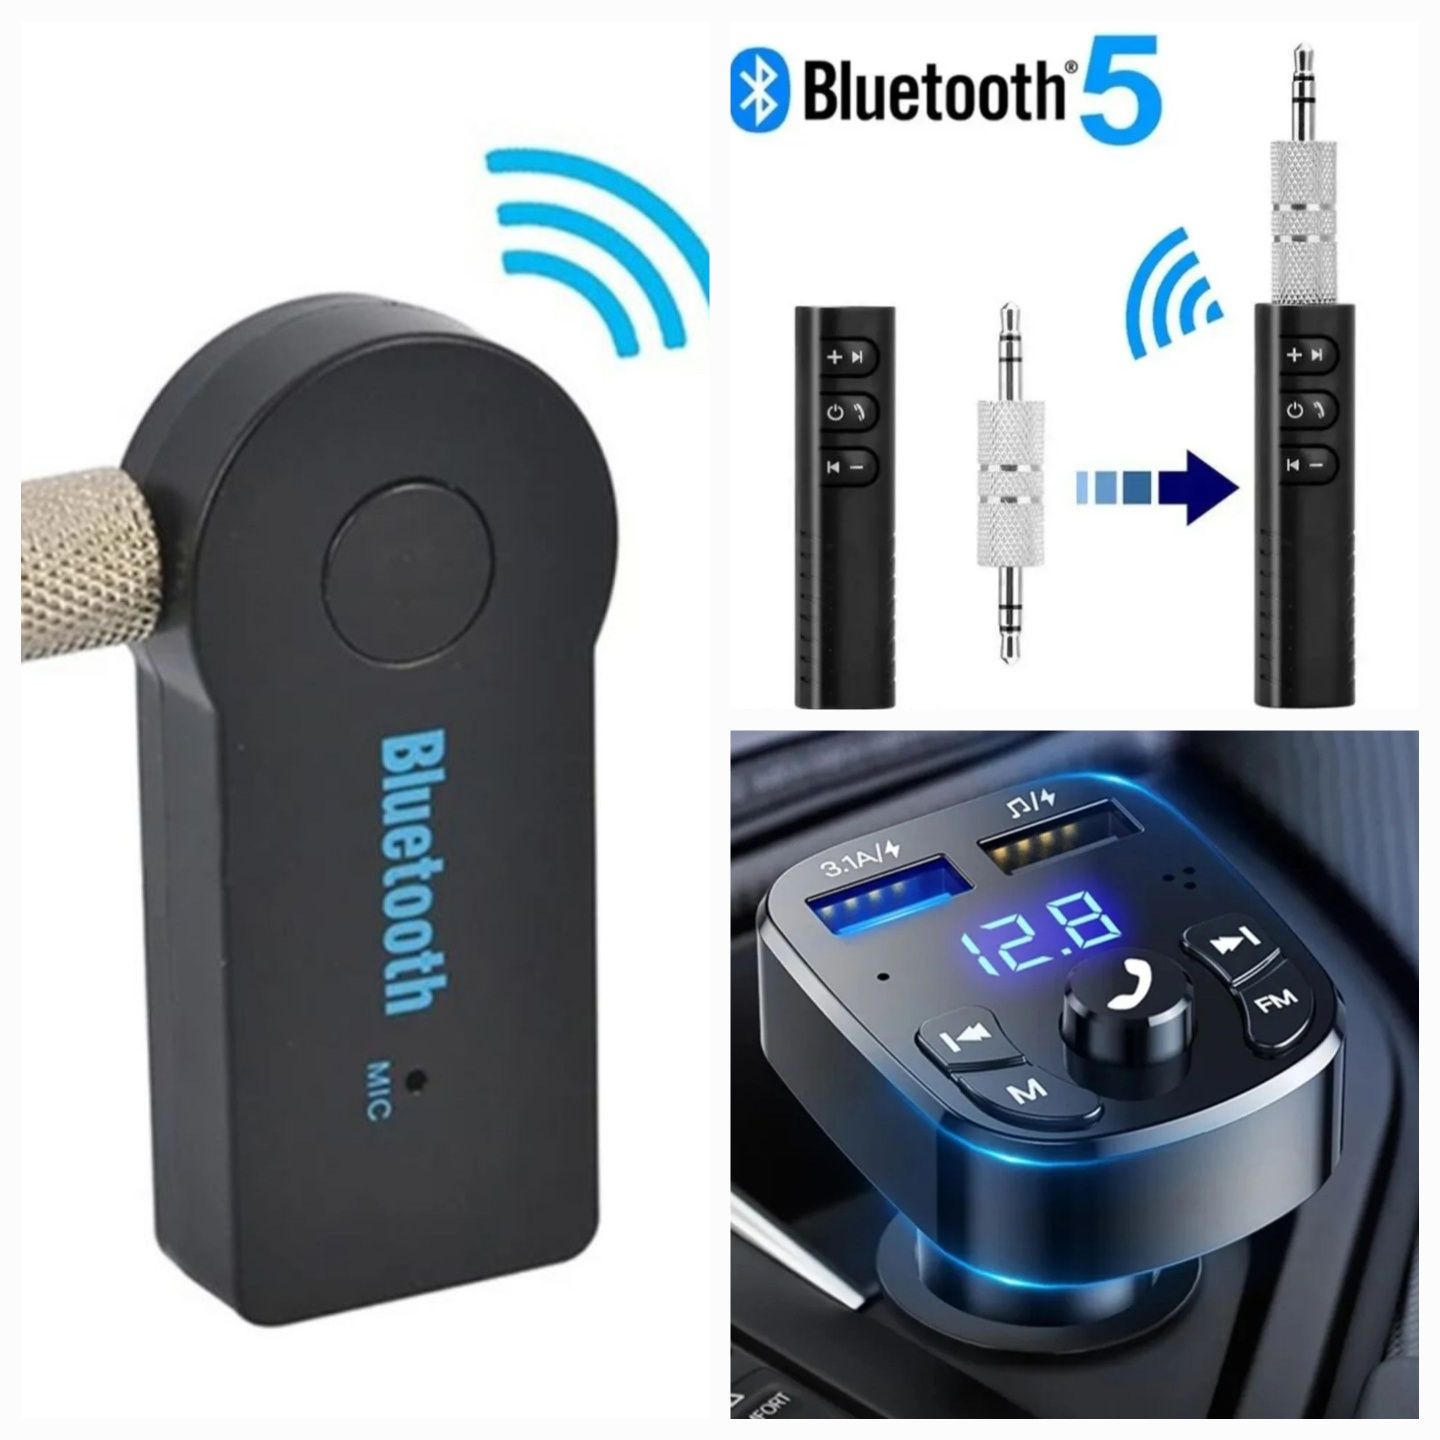 Bluetooth cu hands-free.
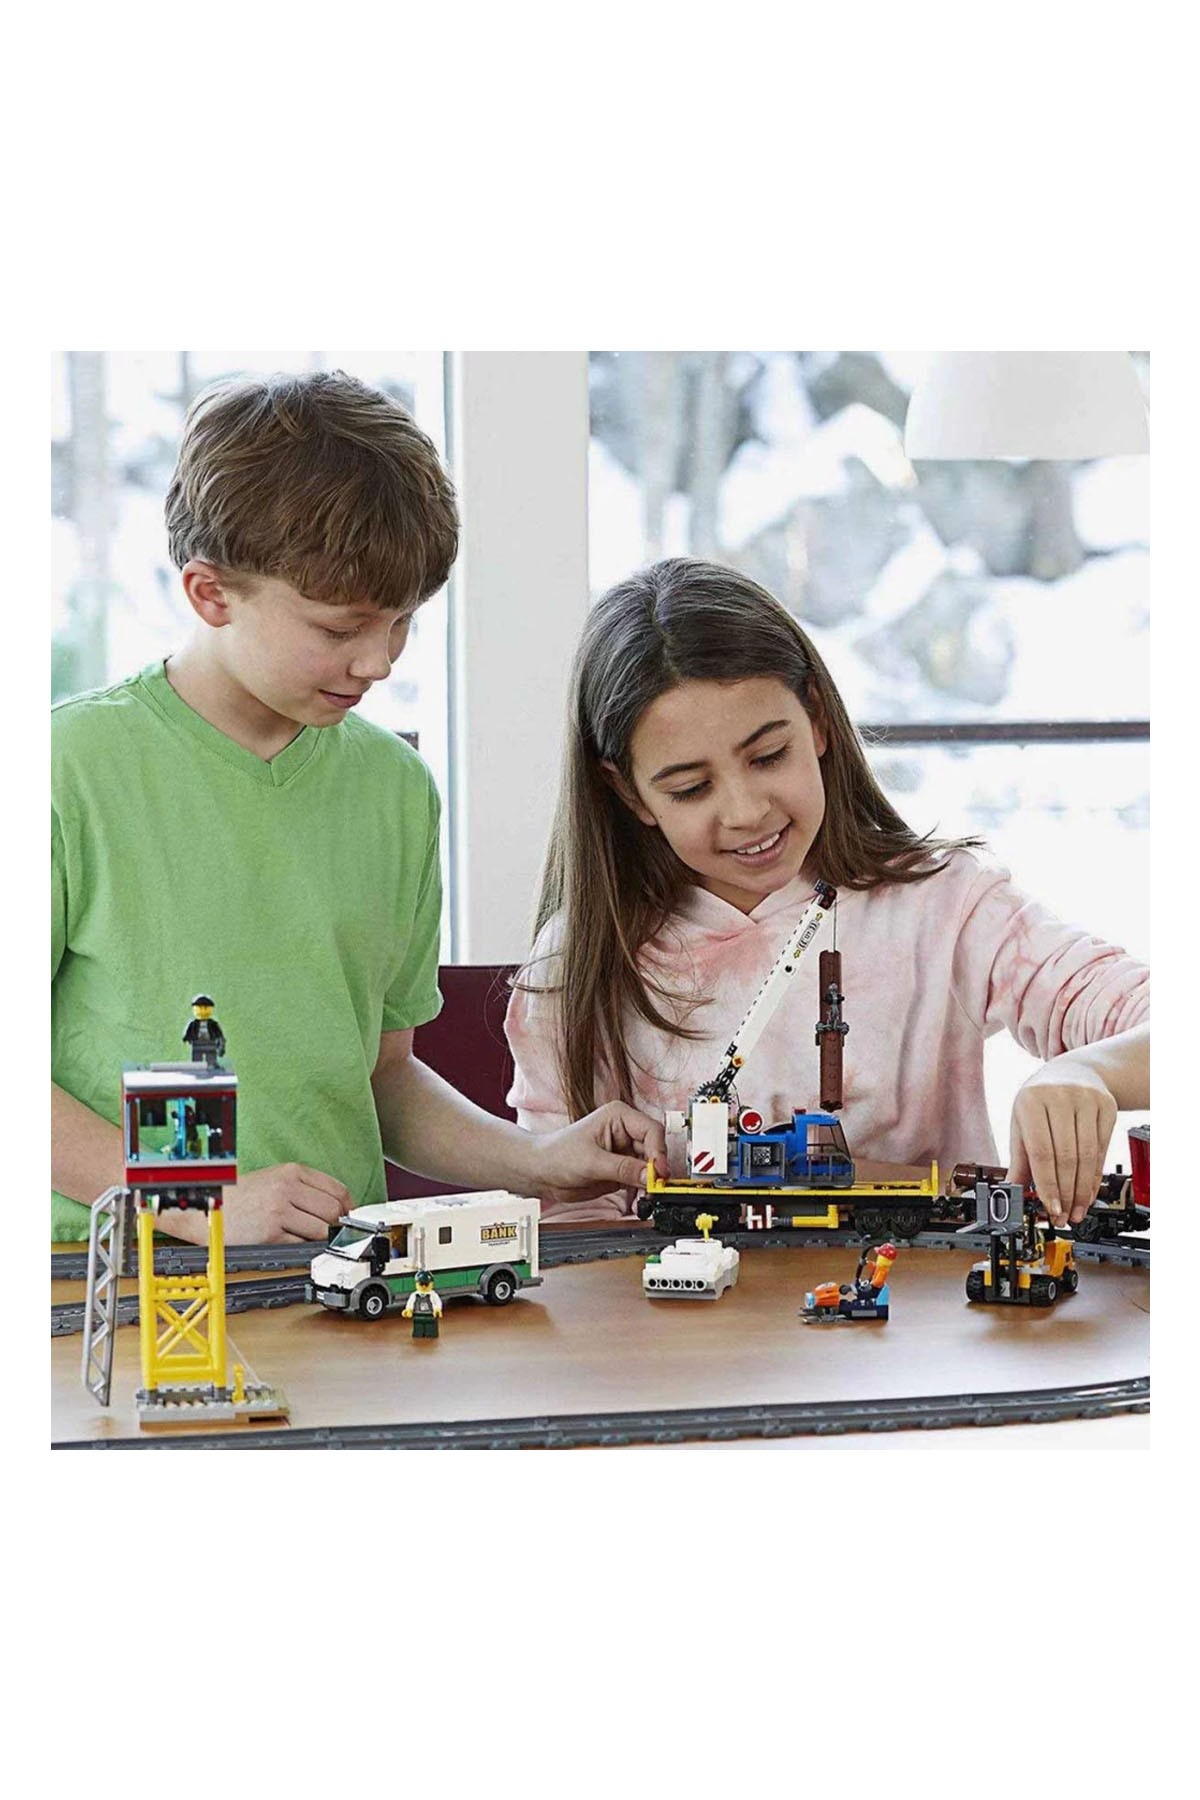 Lego City Kargo Treni 60198
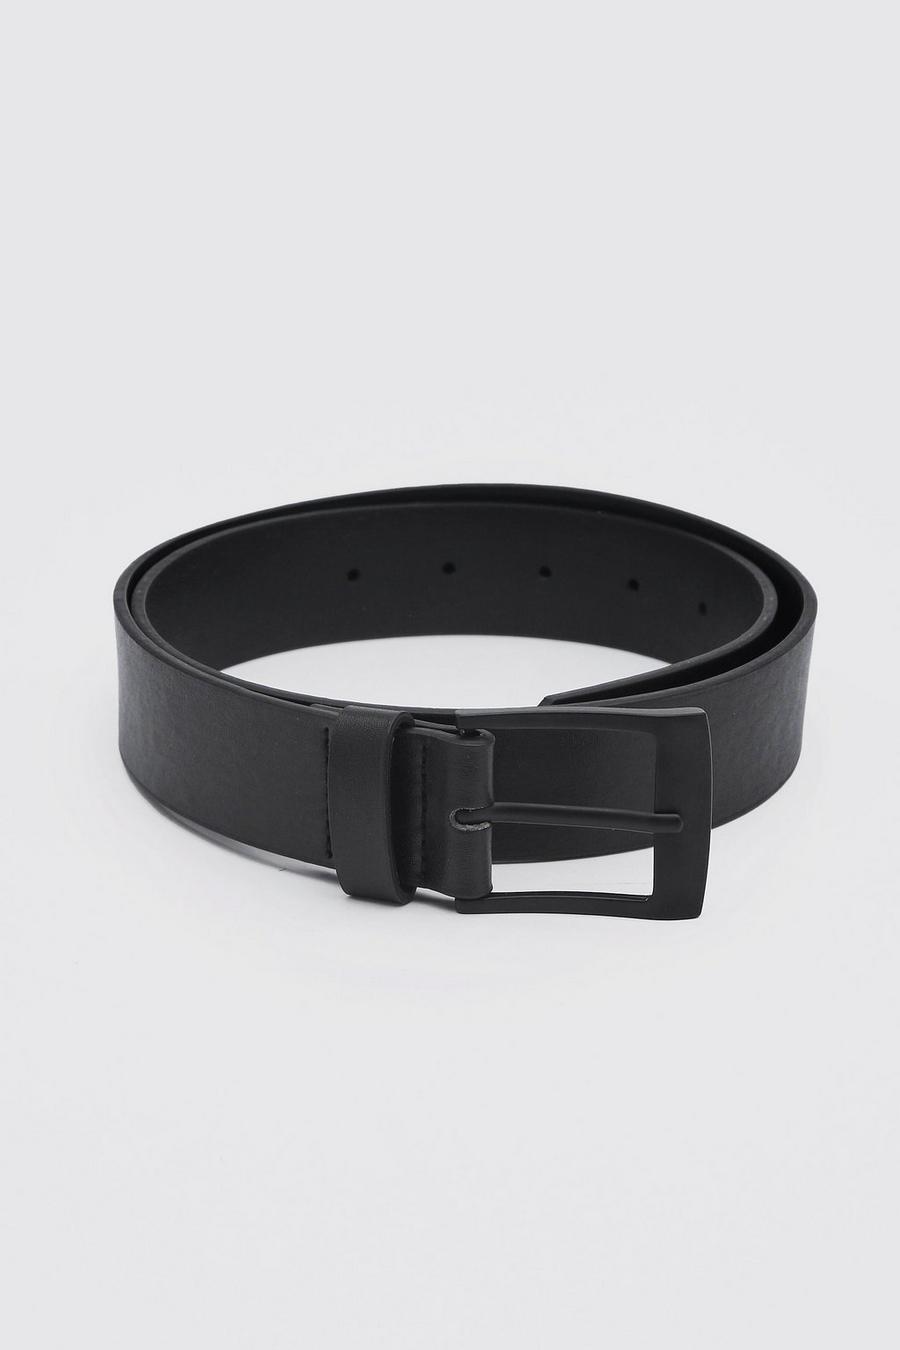 Cinturón efecto cuero mate negro con hebilla rectangular image number 1
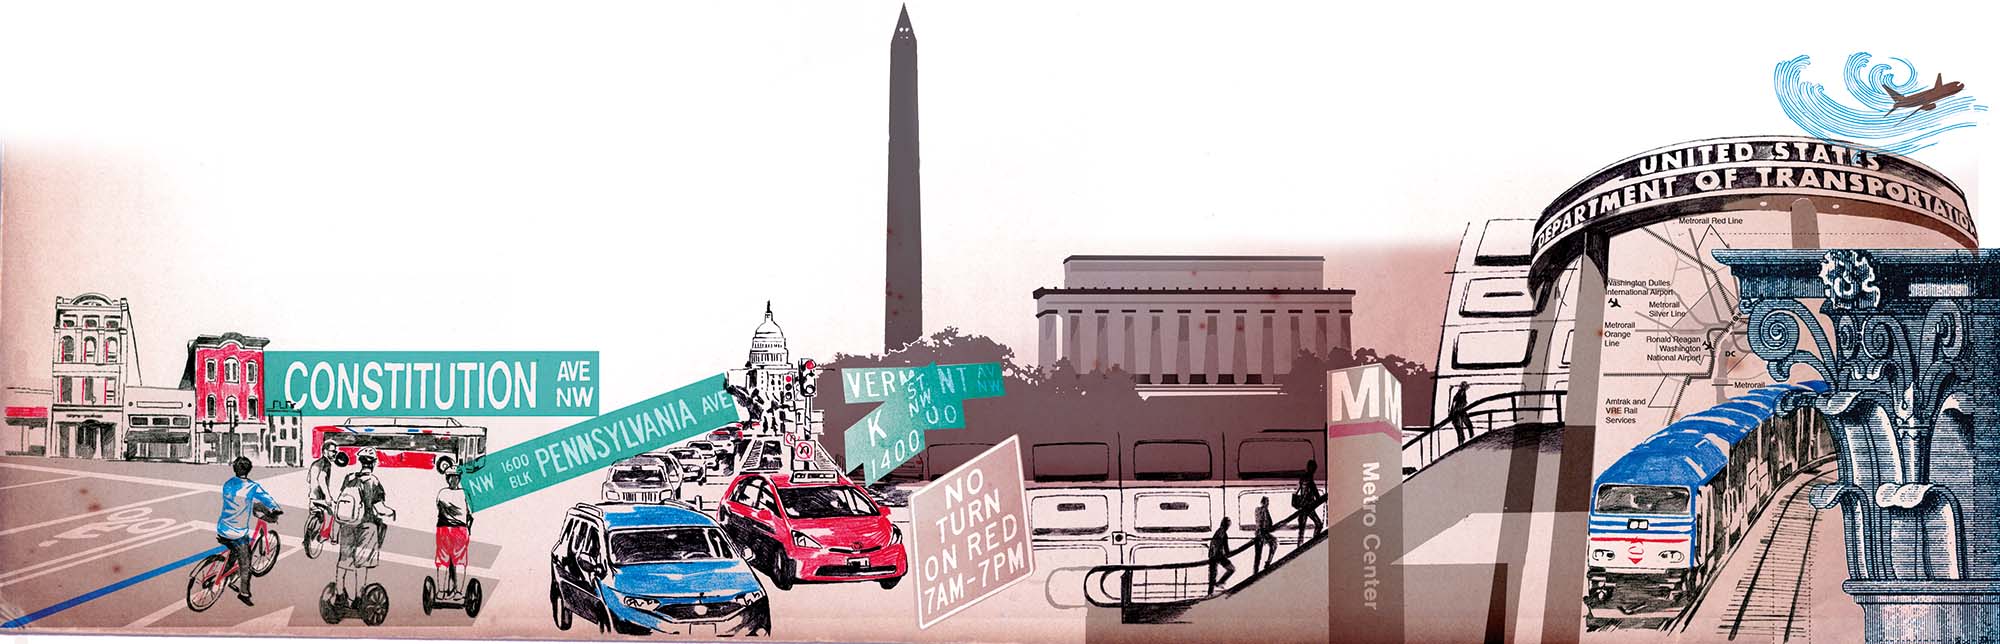 Washington DC montage illustration

The problem> Exact output of each line above is wanted, without the pictures.

Answer section>
 Bluetooth cu hands-free.
 Lego City Kargo Treni 60198
 Cinturón efecto cuero mate negro con hebilla rectangular image number 1
 Washington DC montage illustration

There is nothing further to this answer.